A mud-splattered figure lurched onto the road. Two more staggered onto the cracked asphalt. The trees behind were filled with the moving shadows of many more.
Helena began jogging up the road. Dragging the suitcases, he followed. He tried to keep up, but it was cumbersome trying to carry the shotgun and drag the suitcases along at the same time. The wheels were too small, the road too rough. The noise…
He looked behind. The zombies were following. They weren’t running. The lead-most creature was now level with the front of the bus. The next was a few yards behind. He watched it trip on one of the corpses and fall to the groun
d.
Carrying the cases, he ran as fast as he could. Helena stopped, ran back a pace, and grabbed a case from him.
“We can’t carry these and run,” she said.
“A little further,” he said. And after another hundred yards he stopped, flipping open the case. He looked down the road. The zombies were following, but the nearest was at least two hundred yards behind.
“We can run. They can’t,” he said. “Find the stuff that fits, put it in those bags.” He opened the other case. The shoes were too small, the slacks far too large, but with a belt they’d be better than the rags he was wearing. He stuffed the clothing into his pack, and then looked down the road. The zombies kept on.
“Ready?”
“Yeah.”
Jogging. Walking. Running. They kept it up long after the zombies were lost from view.
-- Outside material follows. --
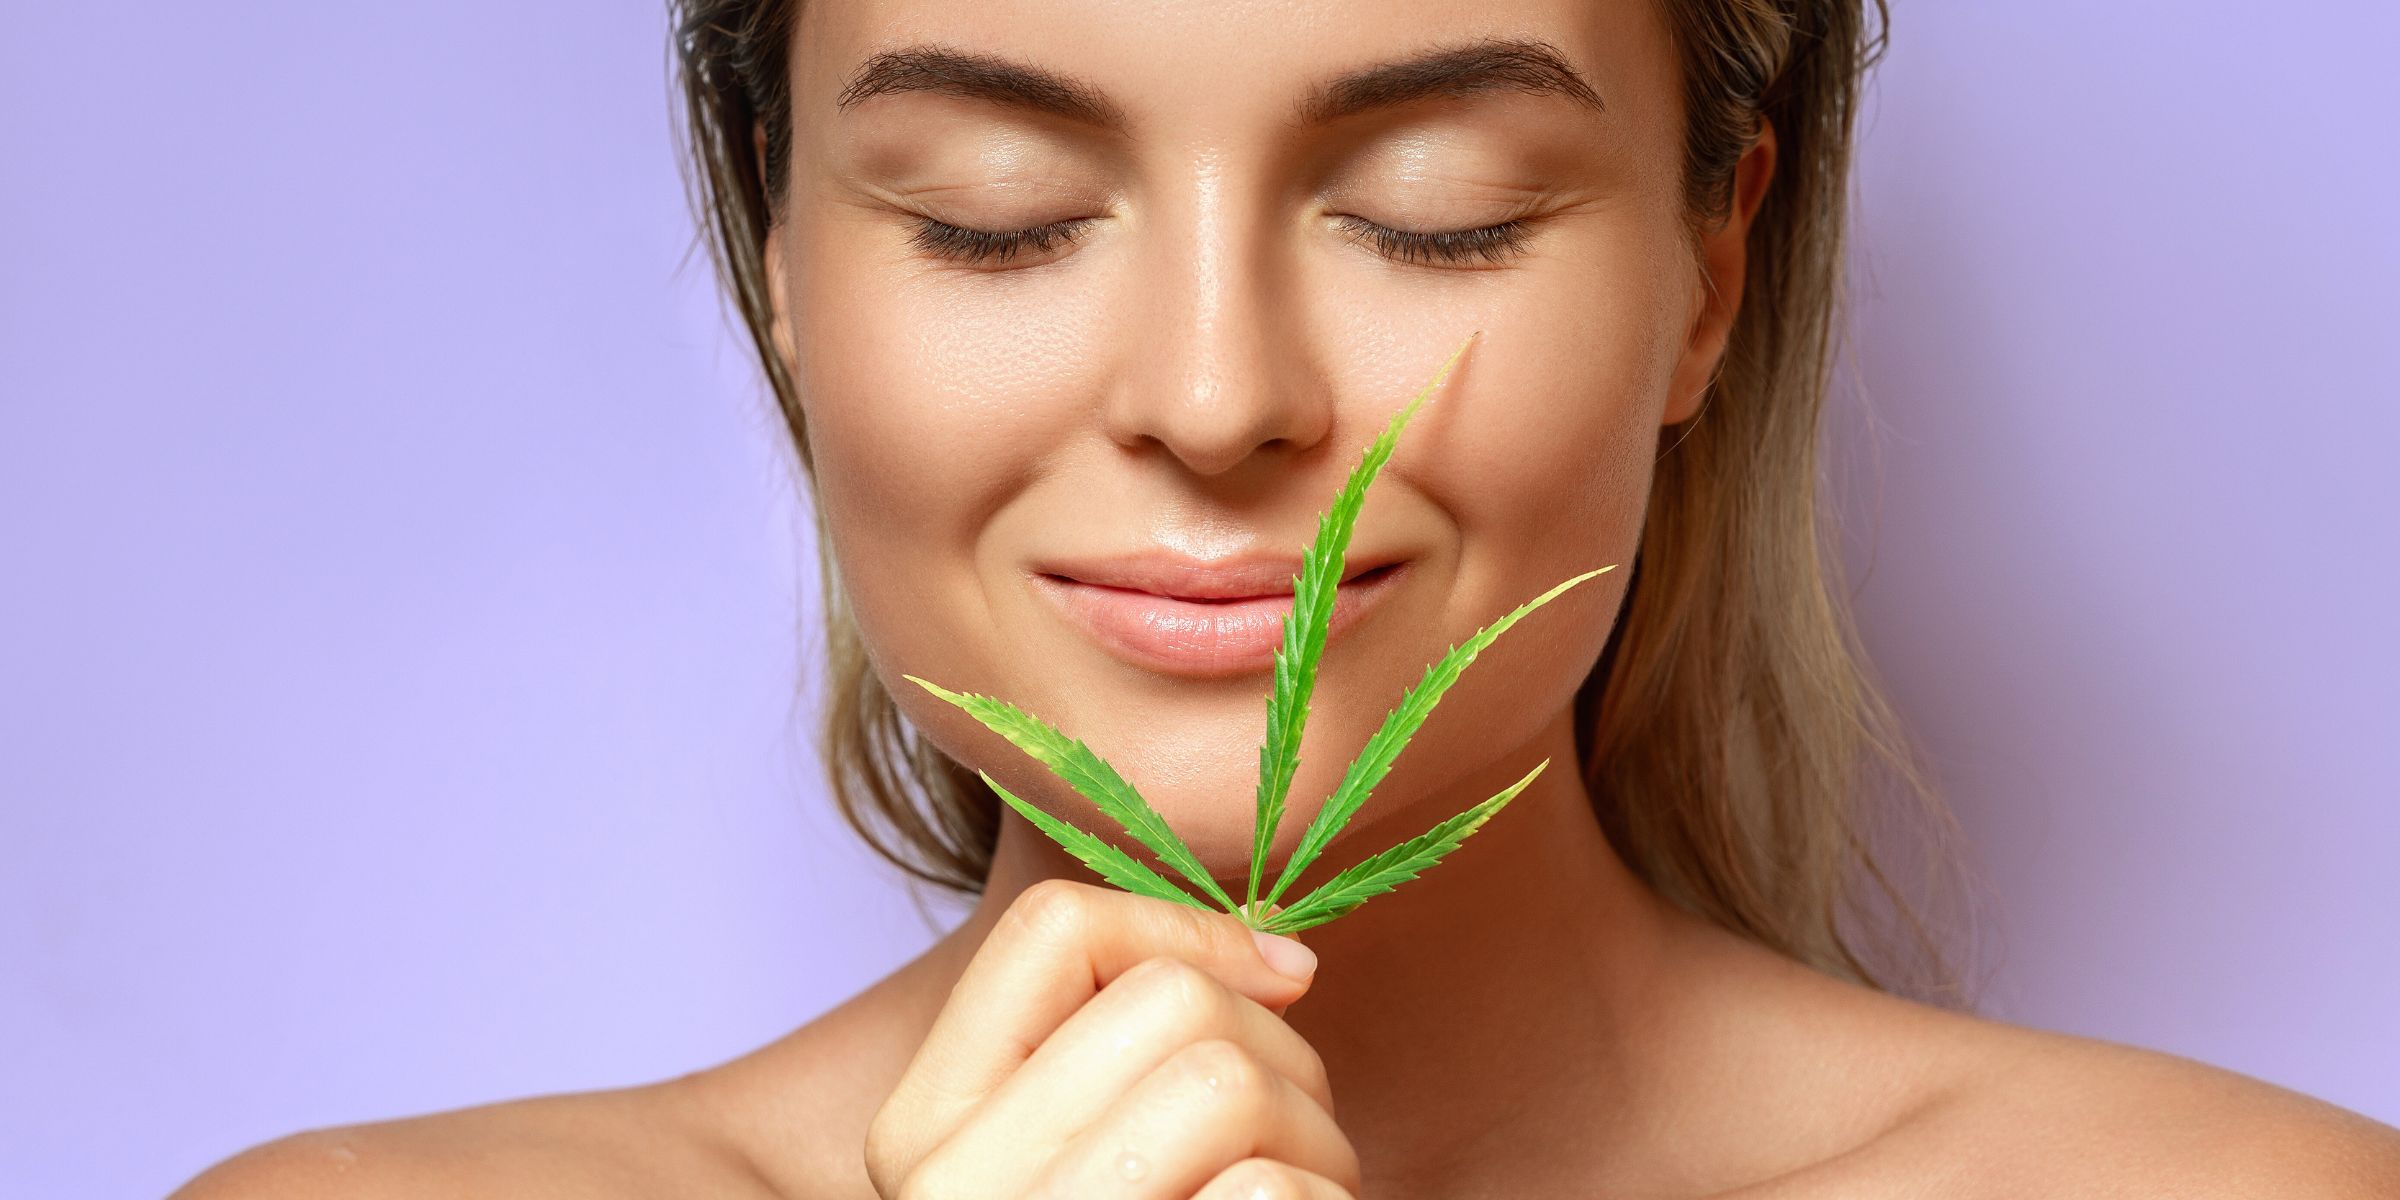 woman standing with hemp leaf smiling against purple background relaxed

“I need a watch,” Helena said as she tugged on the blazer. “How far ahead are we? An hour? It’s like one of those problems I’d set the kids: if two humans run at eight miles an hour for one hour, and they are being chased by zombies who can stagger along at three miles an hour, how long will it be before they are eaten?”
“I’d say their top speed was around five miles an hour, but they can’t keep it up,” Tom said. “Most of the time, I’d say one mile an hour. Maybe two.”
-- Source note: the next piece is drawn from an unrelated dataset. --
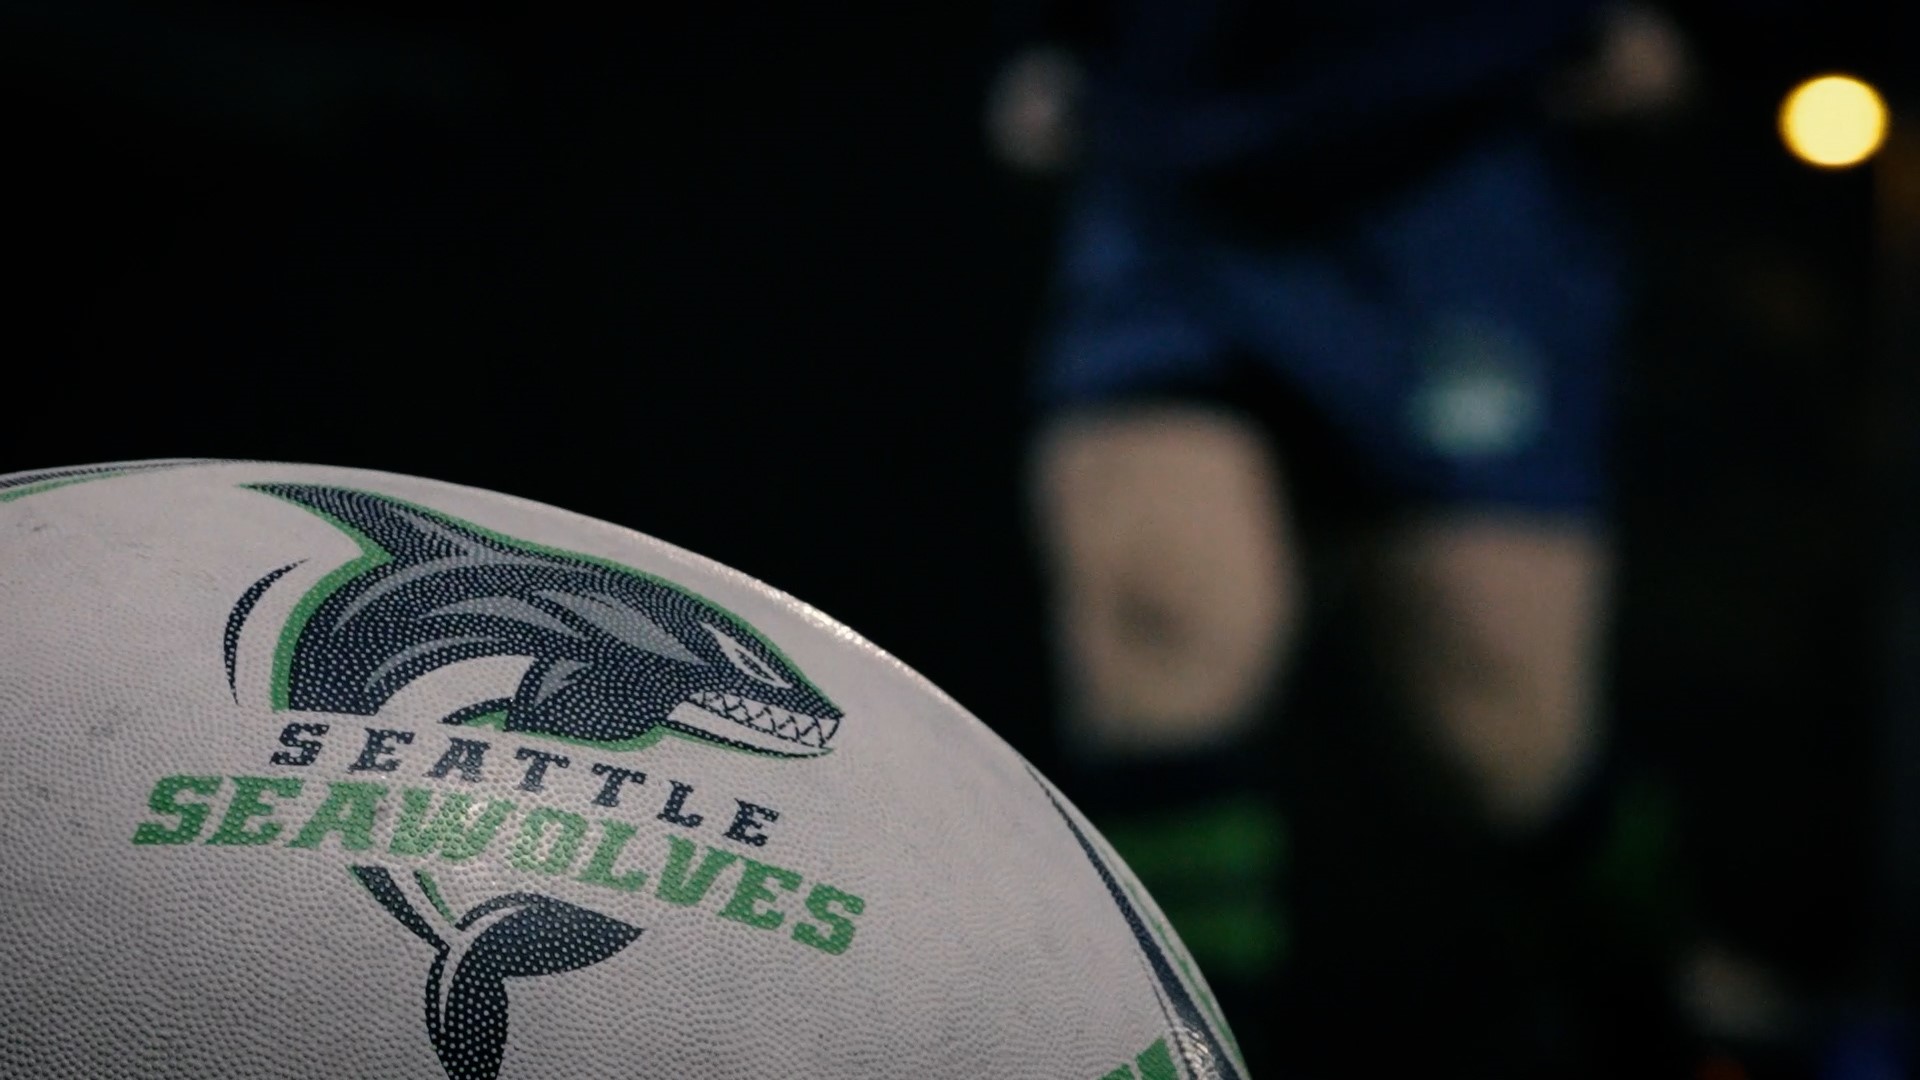 The Seawolves bring a passion for rugby to Seattle fans. #k5evening

“So the question becomes how long they’ll keep going before they slow,” she said, kicking her soiled clothes into a pile. “Last night, the zombies which came to that house stopped. That was about a mile from the road, right? So we should be okay.”
“No.” They were on an incline, on a narrow road, still surrounded by trees beyond which were hills tall enough that he wondered if they were mountains. He doubted they’d managed anything close to eight miles an hour. Nor did he know for how long the zombies would follow them, and that was before thinking about any others which lay ahead. From Helena’s expression, she was thinking the exact same thing, so he said none of that. Instead, he asked, “What’s in those boxes?”
“The food?” She peeled back the lid. “Flapjacks, I think.” She picked one up by the corner and took a tentative nibble. “Wow.”